Until the 21st century, genome scans for pedigree data relied on the use of microsatellite markers to localize disease/trait susceptibility genes . Currently, for linkage studies, single nucleotide polymorphisms (SNPs) are rapidly replacing microsatellite markers for whole genome scans and fine mapping due to the development of automated large-scale genotyping technologies which facilitate inexpensive and rapid genotyping of SNP marker loci. Additional advantages of SNP marker loci are their low mutation rates and high density across the genome. However, since SNPs are diallelic, their informativeness is usually lower than that of microsatellite markers, with the highest heterozygosity (H) = 0.5 and Polymorphism Information Content (PIC) = 0.375. Due to the lower heterozygosity, denser maps of SNP loci are necessary for genome scans. At present two commercially produced panels of SNP markers are commonly used for linkage genome scans: the Illumina panel with 6,056 SNP marker loci  and the Affymetrix panel with 10,204 SNP marker loci . The information content of both of these panels surpasses the information content of the commonly used panel of 400 microsatellite markers spaced approximately every 10 cM . Owing to the decreasing cost of SNP genotyping, a new trend is to genotype panels developed for whole-genome scan association studies for linkage studies; these panels can contain >500,000 SNP marker loci. Due to the density of the SNP markers used for genome scans, there can be considerable linkage disequilibrium (LD) between neighboring marker loci. In contrast, the amount of intermarker LD is negligible for genome scan microsatellite panels. Due to their low heterozygosity, for the analysis of SNP marker loci, multipoint analysis is almost always carried out in order to increase informativeness of the marker loci and thereby enhance the power of a given data set.

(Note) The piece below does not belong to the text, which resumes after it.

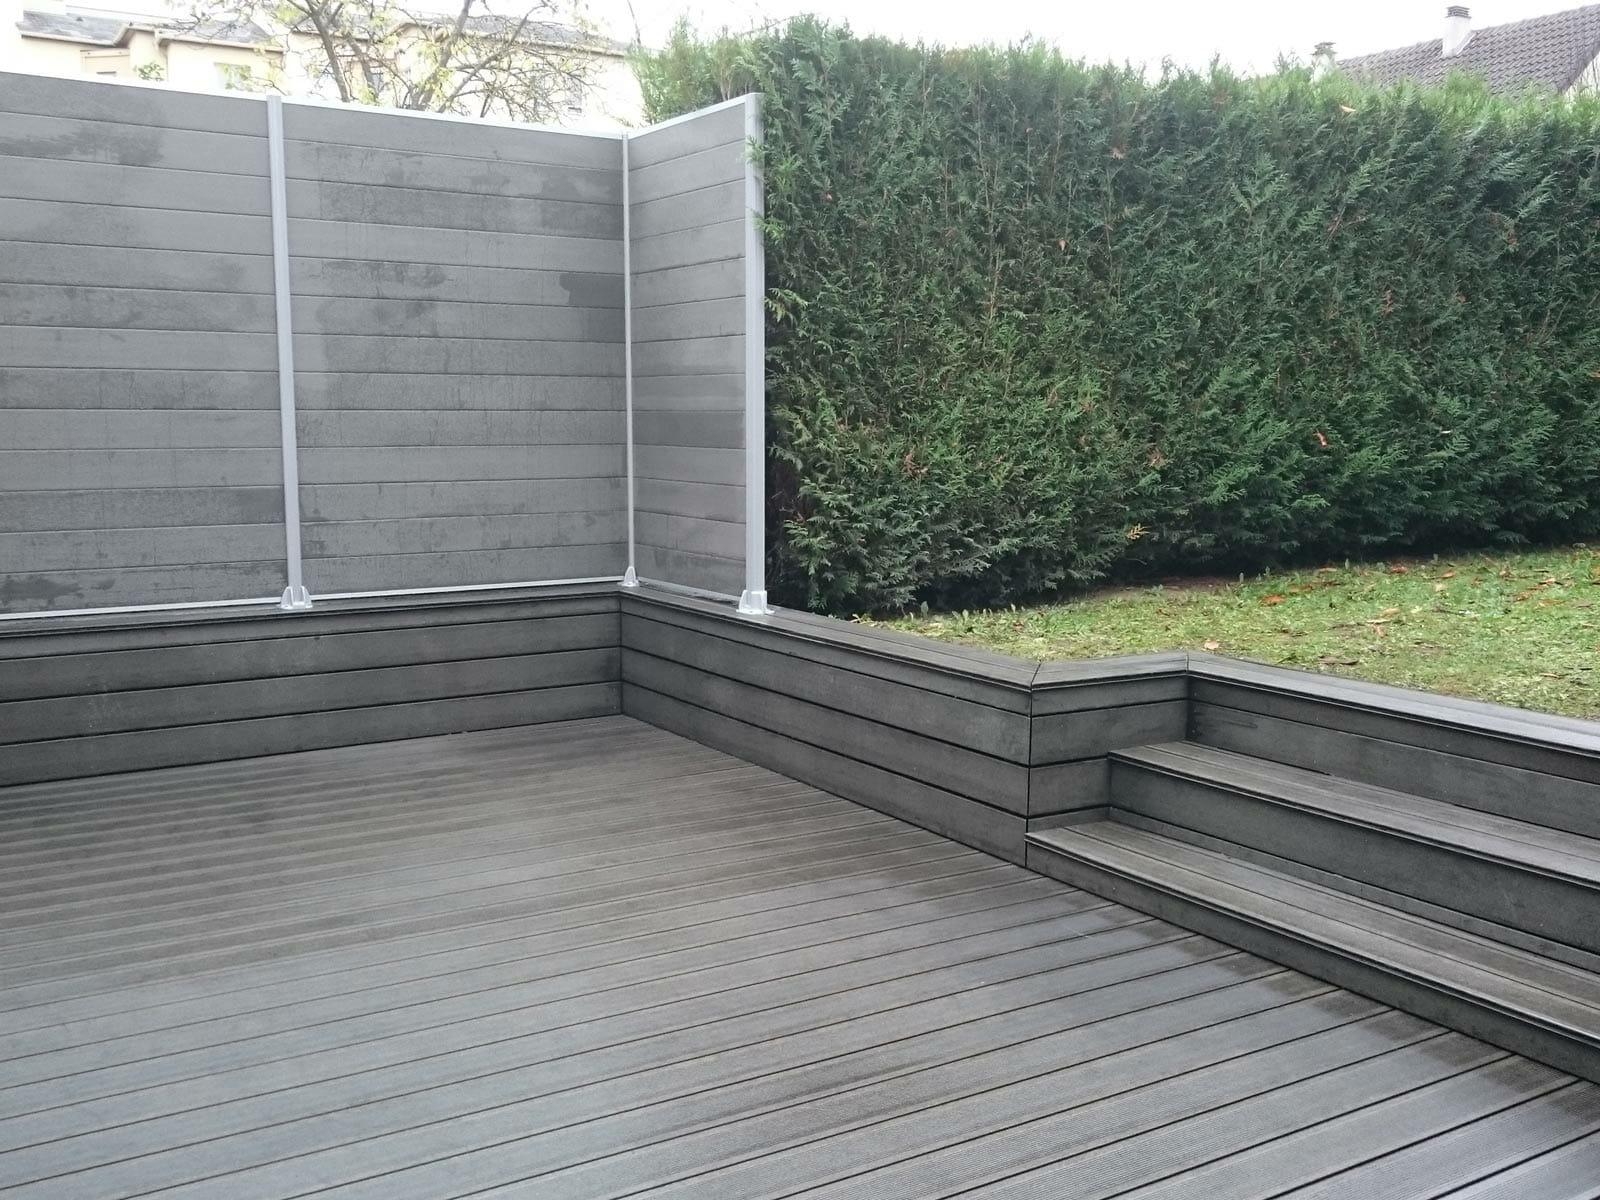 terrasse-composite-arpajon-detail-2

When carrying out linkage analysis there is no one program which can overcome all the obstacles of analyzing numerous marker loci with intermaker LD in medium to large pedigree structures. Almost all currently available linkage analysis programs assume linkage equilibrium between marker loci with the exception of LINKAGE/FASTLINK  and MERLIN [7, 8]. However, these two linkage programs do have their drawbacks. LINKAGE/FASTLINK can only perform parametric linkage analysis on a very limited number of marker loci. MERLIN is limited in the size of the pedigree structure that can be analyzed; there can be no recombination between marker loci that are in LD, and analyses allowing for LD can be time consuming. For both programs, estimates of the haplotype frequencies can be inaccurate if the analyzed pedigrees only have a limited number of founders or if accurate population specific haplotype frequencies are not available from other sources such as the HapMap project . Due to these limitations, linkage analysis is often carried out using programs such as ALLEGRO [10, 11] and SIMWALK2 [12, 13], which do not incorporate intermarker LD in the analysis.

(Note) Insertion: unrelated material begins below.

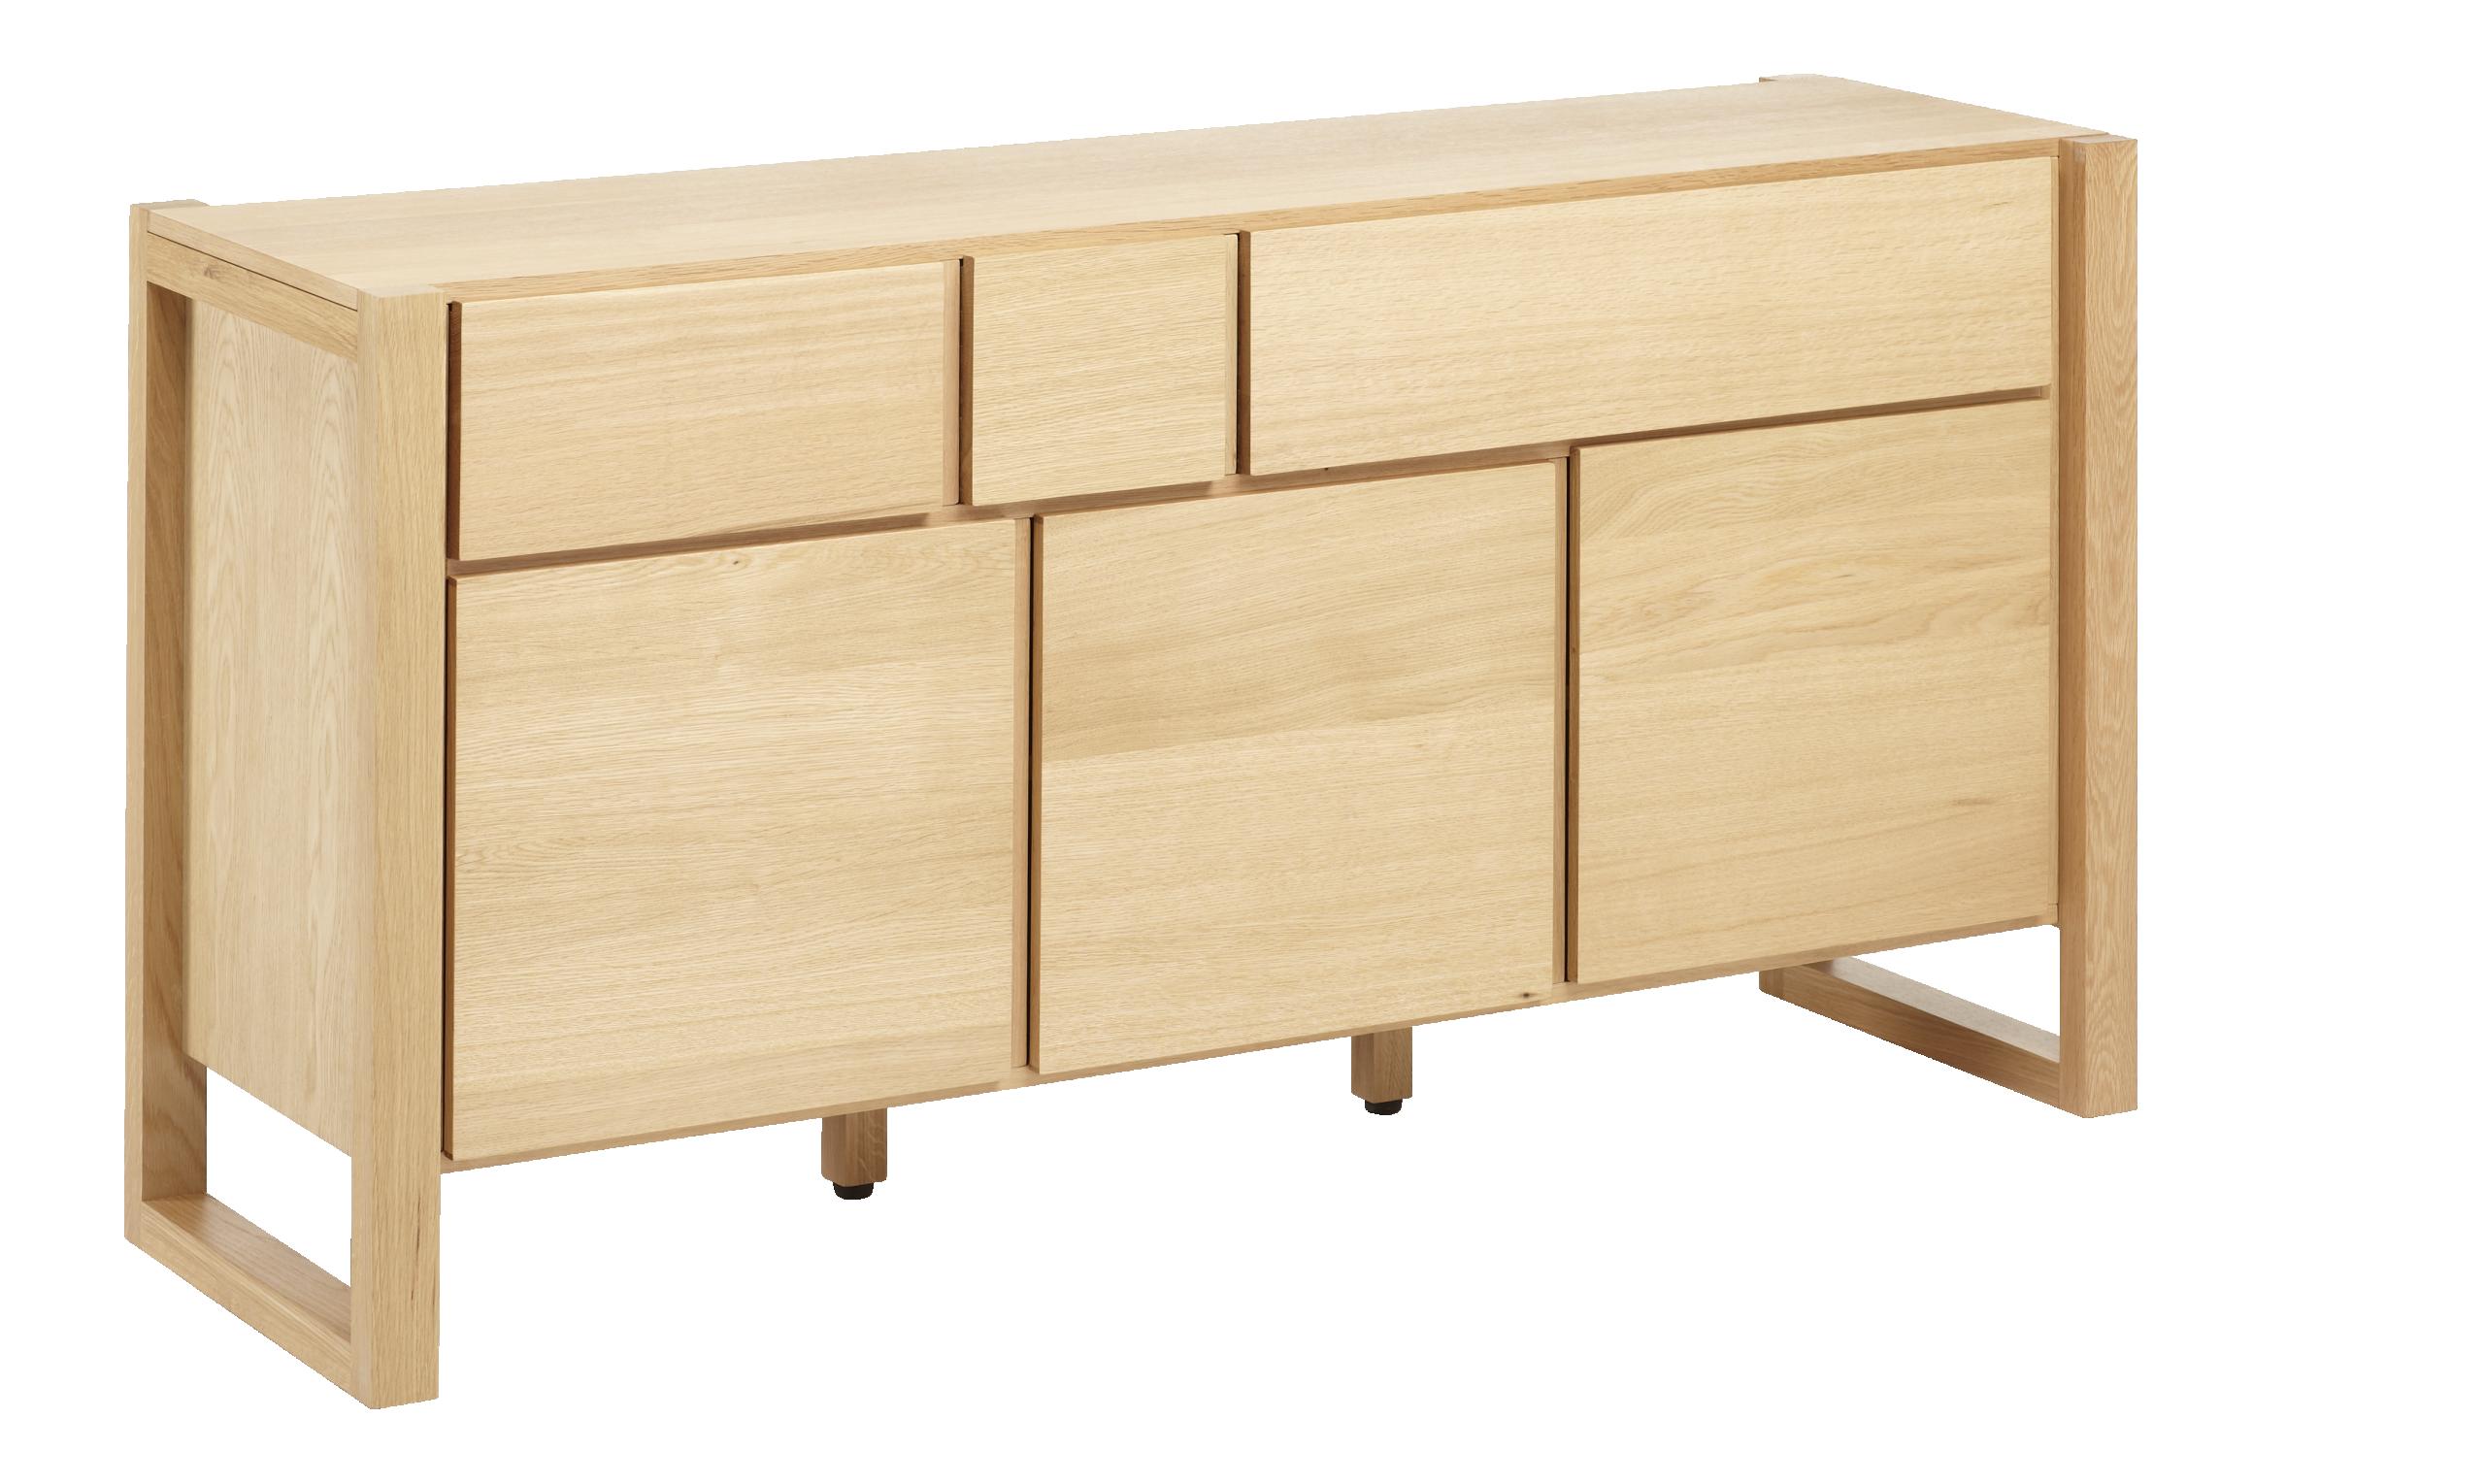 HANA Kitchen cabinet Natural Wood | House | Pinterest | Particle ...

It has been well documented that misspecification of single maker allele frequency can lead to false-positive evidence of linkage [14, 15] when pedigree genotype data is missing. Analogously, the unrealistic assumption of linkage equilibrium can lead to erroneous haplotype inference and increased type I error [1,16,17,18]. Huang et al.  demonstrated that for nuclear pedigrees with unrelated parents, when parental genotype data is missing, ignoring intermarker LD (D′ > 0.4) introduces false-positive evidence of linkage for both parametric and nonparametric linkage analysis. The bias is eliminated when genotype data is available from either both parents or two additional unaffected siblings .

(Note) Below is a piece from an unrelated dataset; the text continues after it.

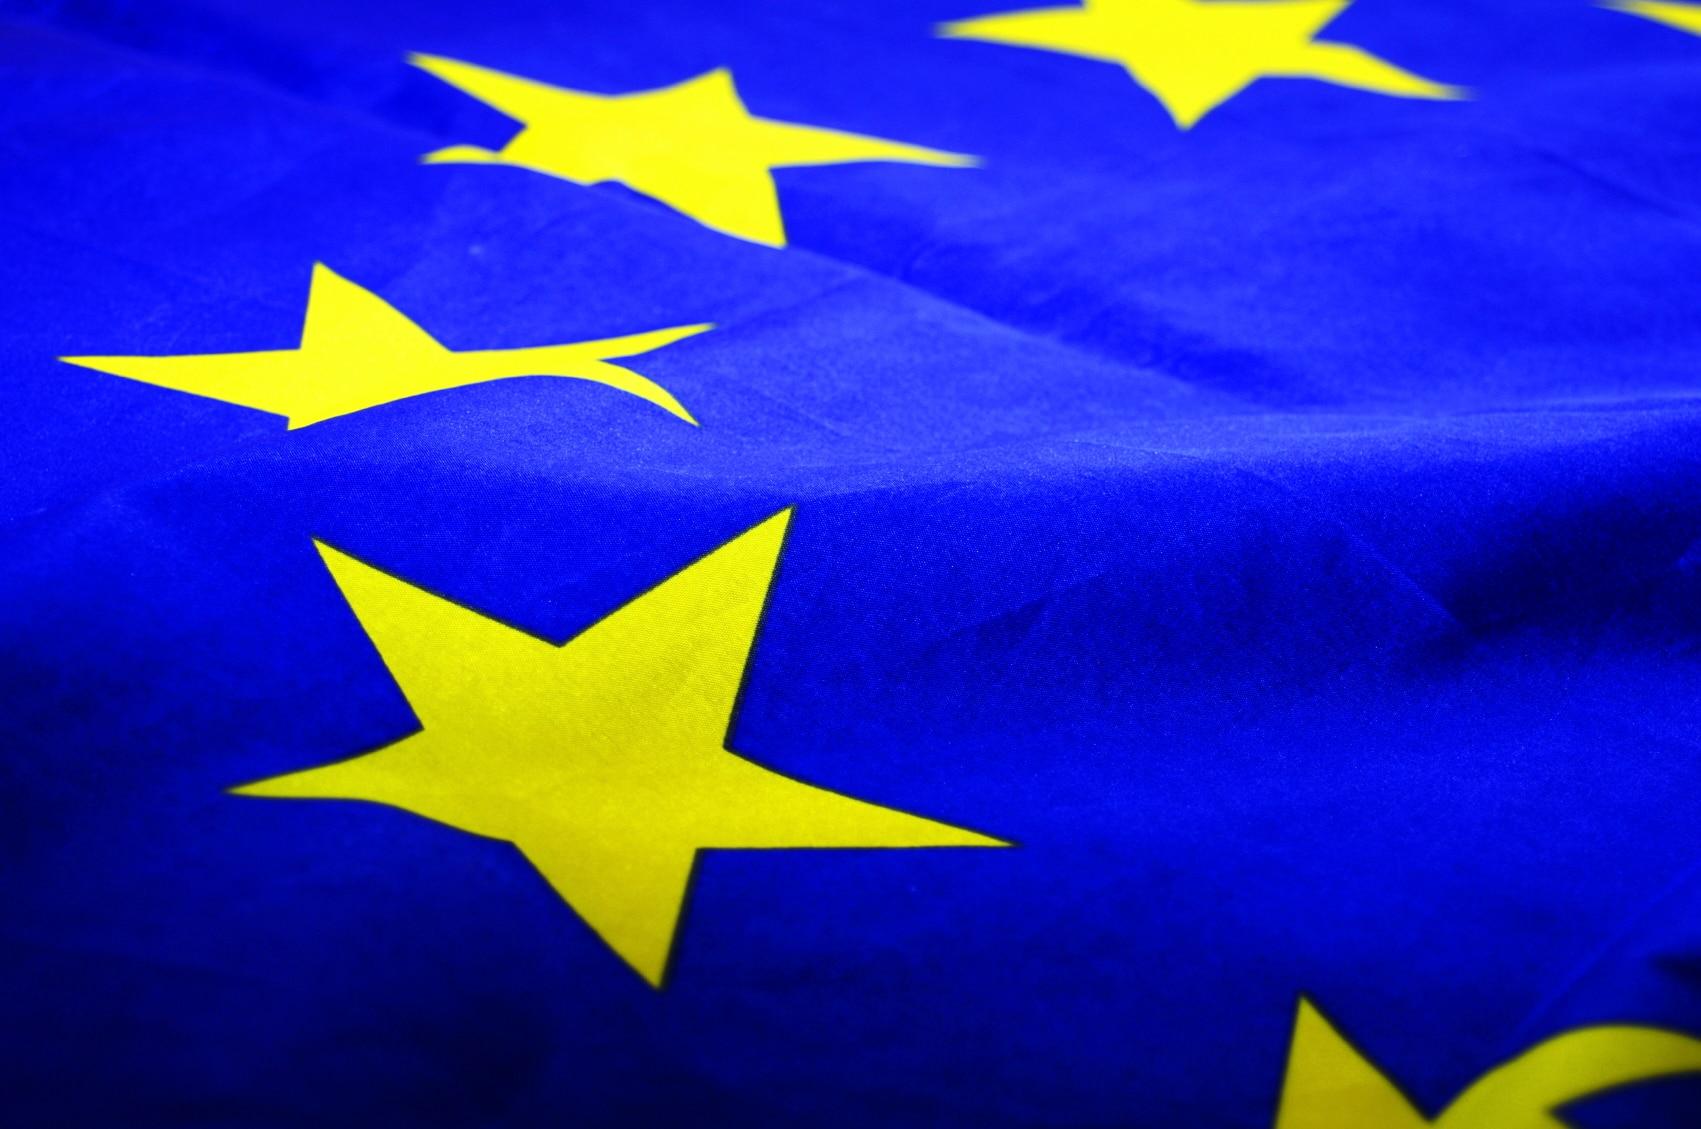 eu union europea europa bce recurso bbva

The effect of missing genotype data for consanguineous pedigrees has not been previously evaluated. Although consanguineous pedigrees can be used to study both complex and Mendelian traits, they are most commonly used for the study of autosomal recessive Mendelian traits due to the additional linkage information provided by these pedigrees compared to kindreds with unrelated parents. Consanguineous pedigrees have been highly beneficial in mapping genes for autosomal recessive diseases, in particular for traits with locus heterogeneity. For example, over 70 autosomal recessive nonsydromic hearing impairment genes have been localized  using consanguineous pedigrees. In this article it is demonstrated that, in contrast to pedigrees where the parents are unrelated, for consanguineous pedigrees segregating an autosomal recessive trait false-positive evidence of linkage is increased even when genotype data is available for both parents or the affected proband's two unaffected siblings. The problem persists if parental genotypes are missing, even when all founders are genotyped within the pedigree. For a first-cousin mating, only when great-grand parents, grand-parents and parents are genotyped is the problem of false-positive evidence for linkage completely eradicated. It is unusual to be able to obtain DNA from all family members in gene mapping studies using consanguineous pedigrees, since members in the upper generations are usually deceased. Although false-positive linkages are not totally eliminated, their occurrence is greatly reduced by the availability of both parental and two affected siblings’ genotype data or grand-parental genotype data. An additional factor that can increase the false-positive evidence for linkage in consanguineous pedigrees is cryptic consanguinity. For pedigrees ascertained from communities where consanguineous marriages have occurred for generations, true familial relations of all pedigree members are rarely known. Missing relationship data can further increase false-positive evidence for linkage when intermarker LD is not incorporated in the analysis.
In order to investigate the effect of missing genotype data, haplotype data was generated using the SimPed program  for a variety of pedigree structures. Haplotype data was generated for first-cousin consanguineous pedigrees with affection status consistent with an autosomal recessive mode of inheritance; the phenotype status for all family members within the consanguinity loops is unaffected, and offspring of the consanguineous first-cousin mating is comprised of an affected proband with two affected and two unaffected siblings (Pedigree A, fig. fig.1).1). In order to evaluate whether there is an increase in the false-positive evidence for linkage for consanguineous pedigrees segregating traits with an autosomal dominant or X-linked recessive mode of inheritance, the affection status of family members in pedigree A (fig. (fig.1)1) was modified. For the autosomal dominant inheritance model the affection status of the father (individual 6), paternal grandmother (individual 9) and great grandfather (individual 12) were all made affected and for the X-linked recessive inheritance model the great-grandfather (individual 12) phenotype status was modified to be affected.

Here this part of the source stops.